Others agreed. “The feedback we got from residents was that the first year of training did not provide an adequate operative experience,” said Dr. Weber. “They were doing more work on the floor. Not that those skills aren’t good, but they were missing the technical training and the education necessary to become a surgeon.”
As an example, Dr. Weber said that as years have gone by, “we have seen that otolaryngology head and neck fellows may be less prepared to do a complex open surgery, because they have not had as much surgical experience due to the reasons discussed. Fortunately, by the end of their fellowships, they are all doing well and are better prepared to take on the challenging cases we face today.”

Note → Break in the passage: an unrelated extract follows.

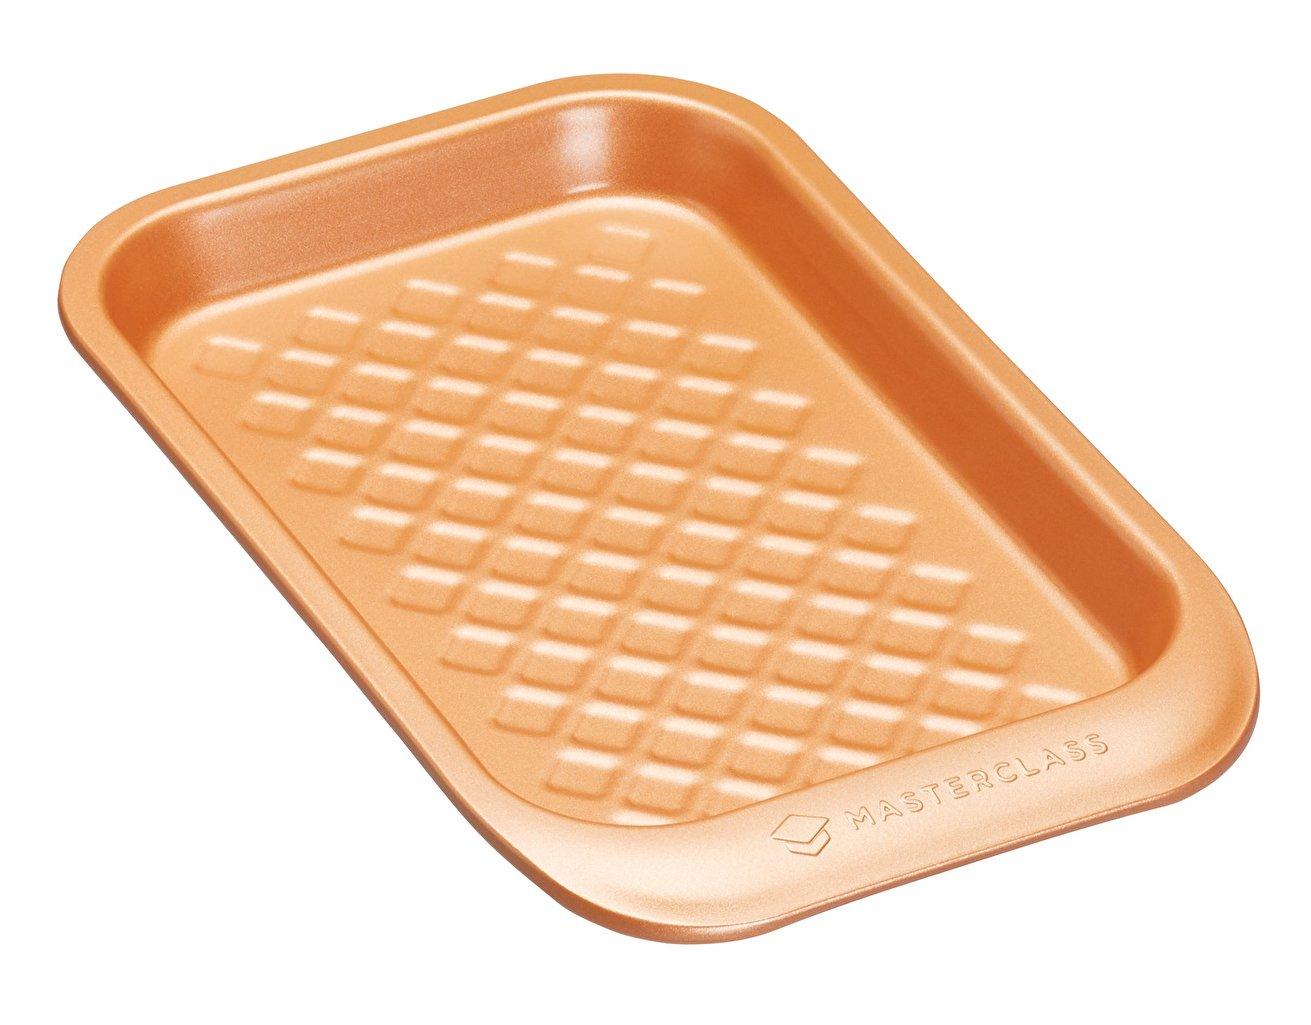 Möbel & Wohnen Kochen & Genießen Masterclass Smart Ceramic 42.5 X 31.5 Cm Heavy-duty Stackable Roasting Pan Set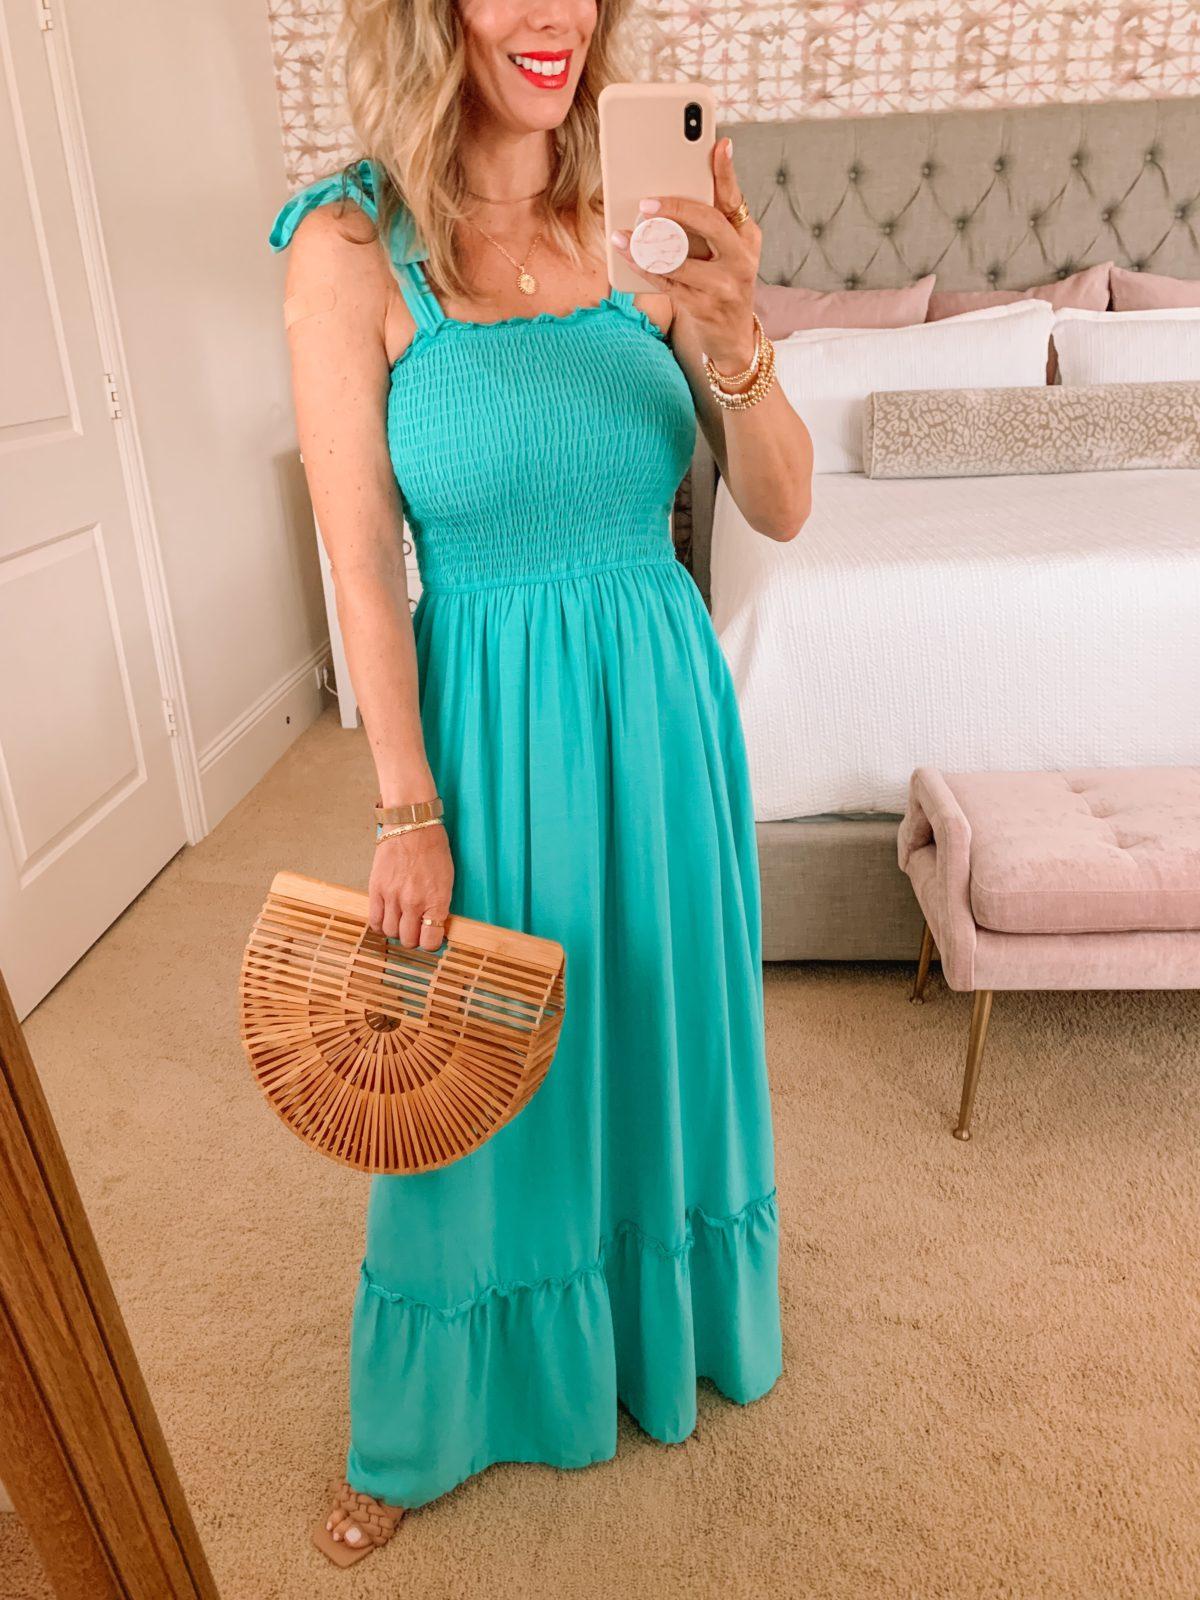 Amazon Fashion Faves, Teal Maxi Dress, Clutch

The residency curriculum changes seek to fix that. Once implemented, “we have the most vested in these residents, and, hopefully, we can provide them with the skills they need as otolaryngologists,” said Dr. Choi. As a result, “I’m hoping that some residents will get a chance to do some electives in their fifth years. It is unclear if that will happen, but that’s the intent.”
The RRC started discussing the changes about two years ago, Dr. Choi said, in response to residents’ and program directors’ feedback regarding the residents’ first year of training. The RRC presented a proposal to otolaryngology program directors in December 2014. The proposal was revised and then released for a 45-day public comment period. After the public comments were addressed, the proposal was sent to the ACGME Board of Directors and approved in September 2015. The Board approved the change on September 27, 2015, and it will take effect on July 1, 2016.